What is being asked
Output exactly, and only, the lines below from the one with "- FITS CESSNA" down to the one with "Vicky Kaushal had". Include both end lines and no pictures.

Dataset records
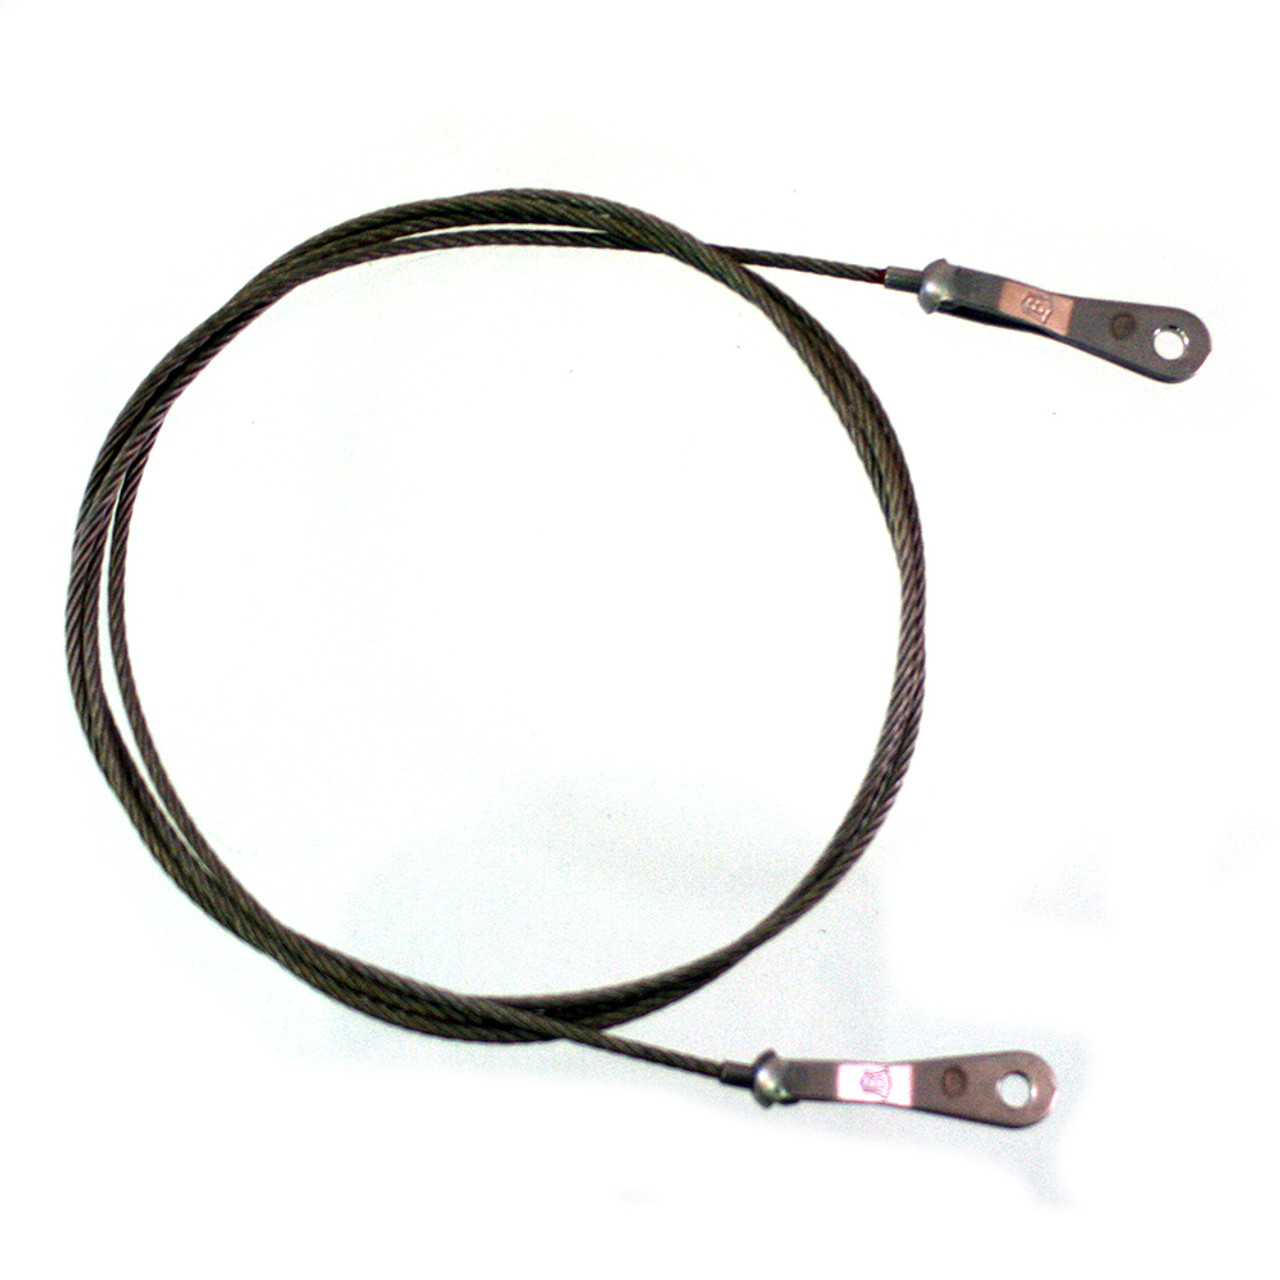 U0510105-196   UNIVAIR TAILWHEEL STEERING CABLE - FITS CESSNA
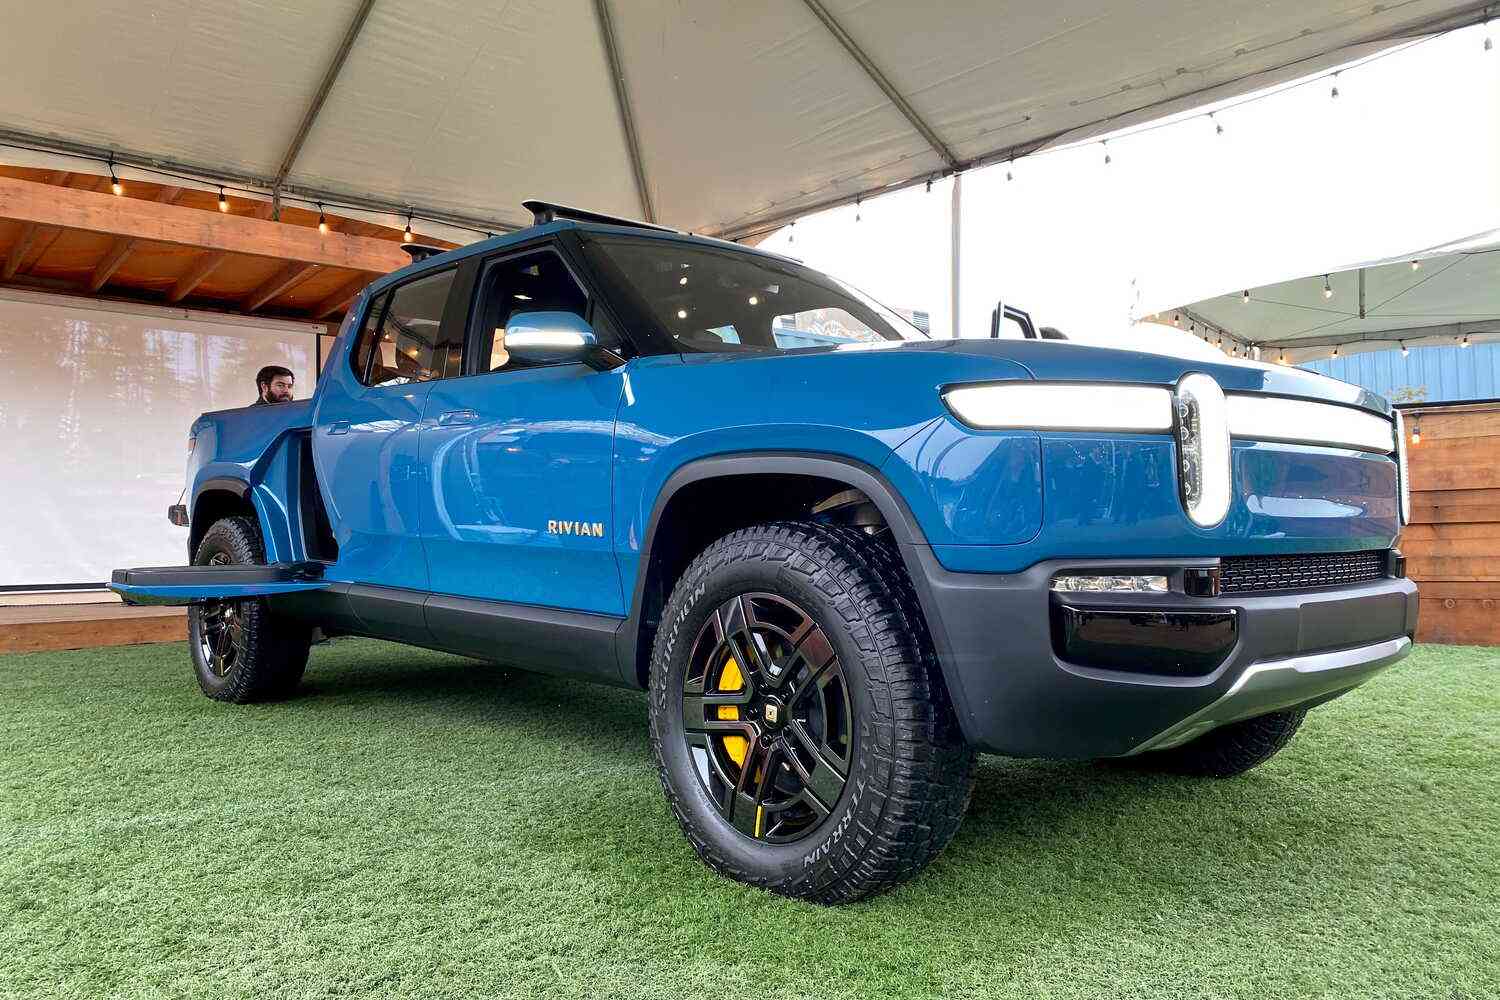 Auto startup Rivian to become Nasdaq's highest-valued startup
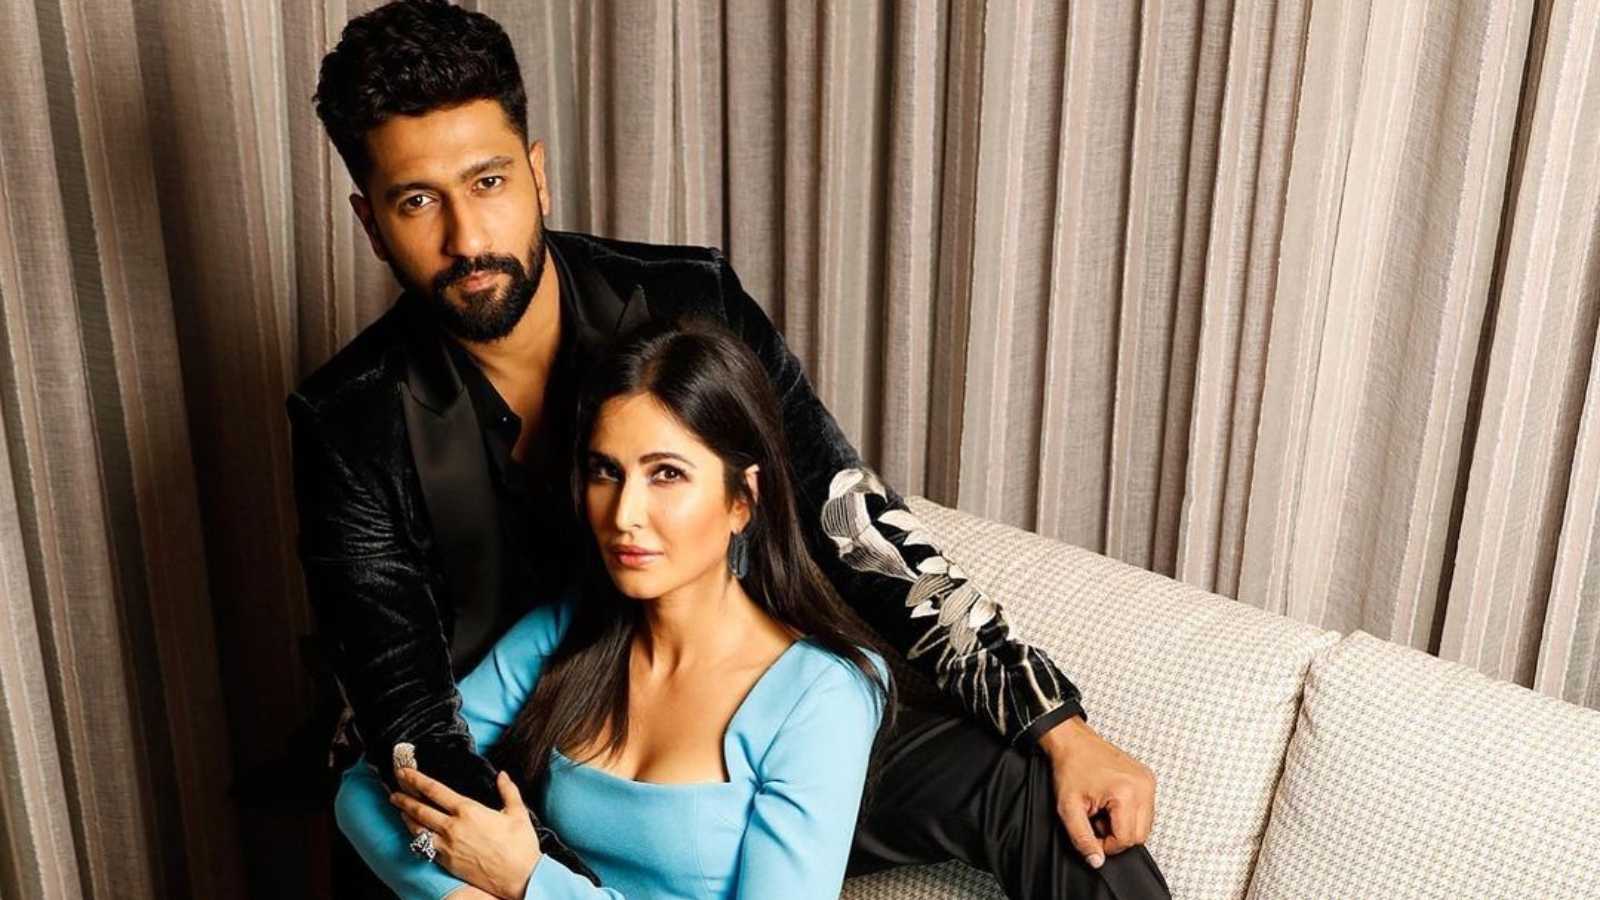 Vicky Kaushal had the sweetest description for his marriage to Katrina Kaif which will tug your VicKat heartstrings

...

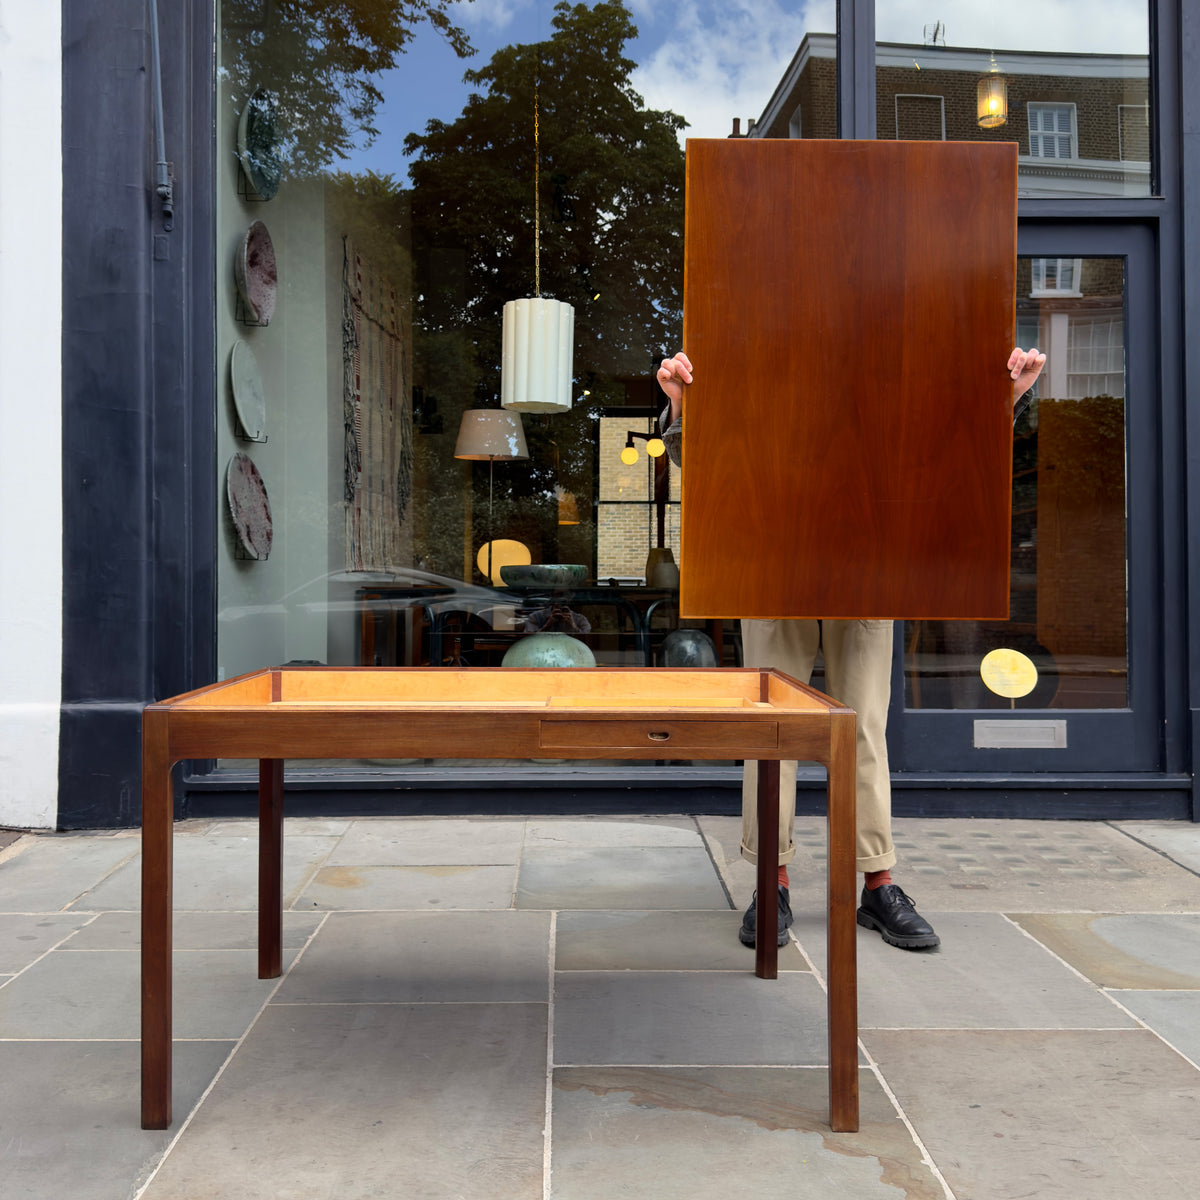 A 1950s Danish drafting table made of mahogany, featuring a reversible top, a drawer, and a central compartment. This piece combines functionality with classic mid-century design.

* * *

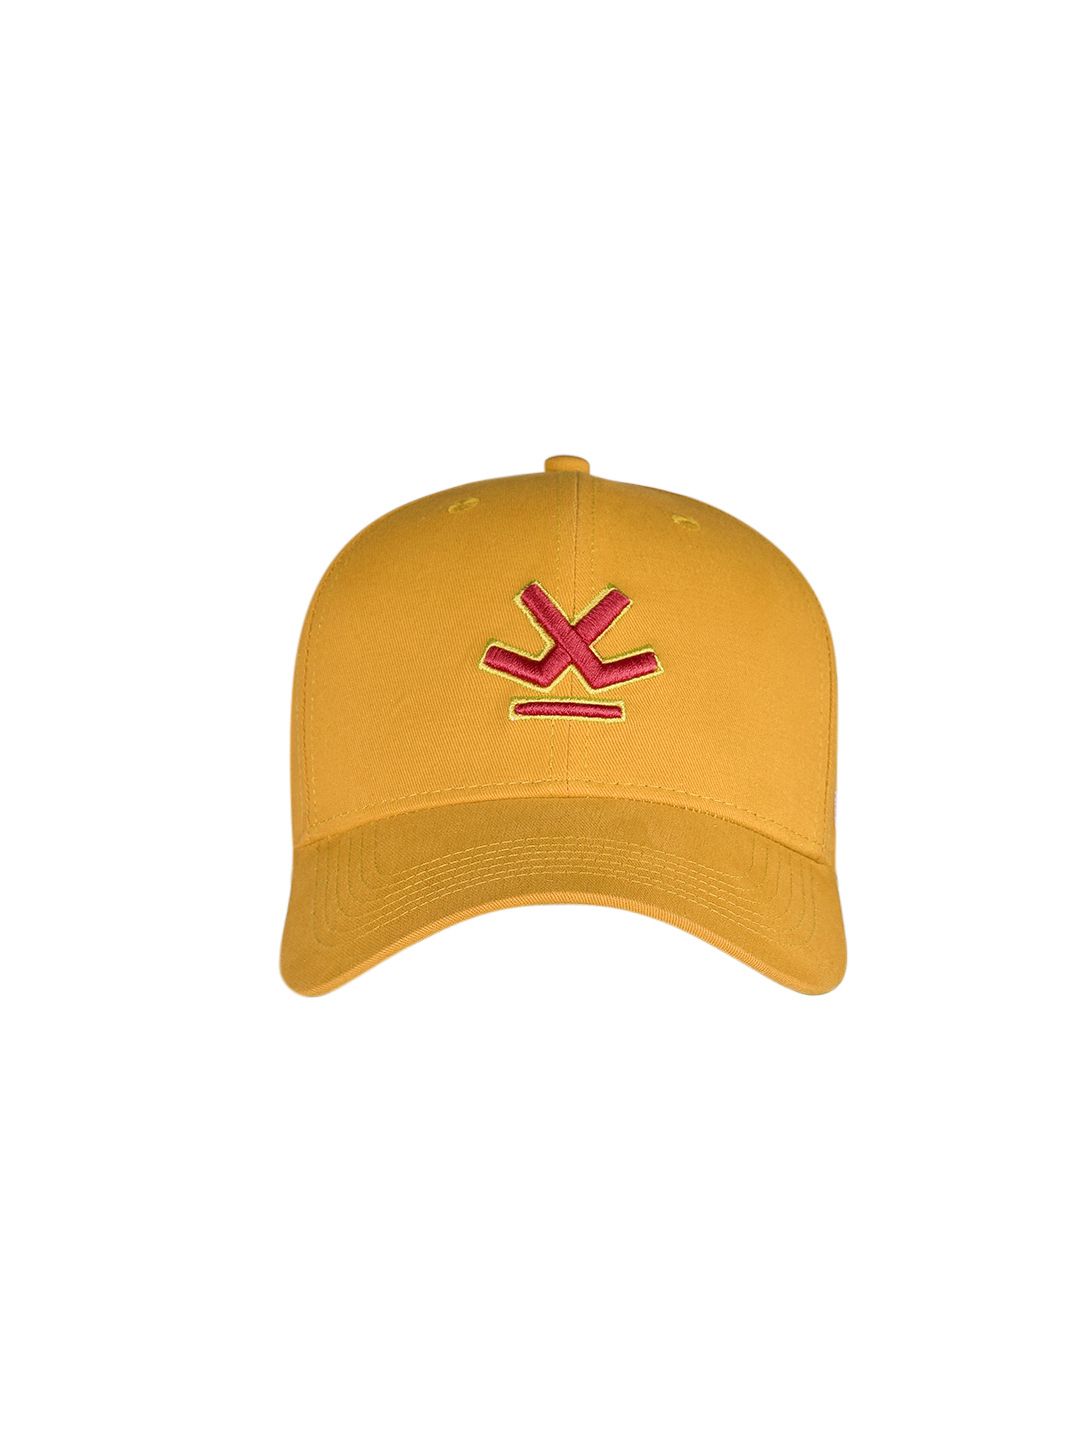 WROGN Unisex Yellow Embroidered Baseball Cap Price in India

Exercise output
 U0510105-196   UNIVAIR TAILWHEEL STEERING CABLE - FITS CESSNA
 Auto startup Rivian to become Nasdaq's highest-valued startup
 Vicky Kaushal had the sweetest description for his marriage to Katrina Kaif which will tug your VicKat heartstrings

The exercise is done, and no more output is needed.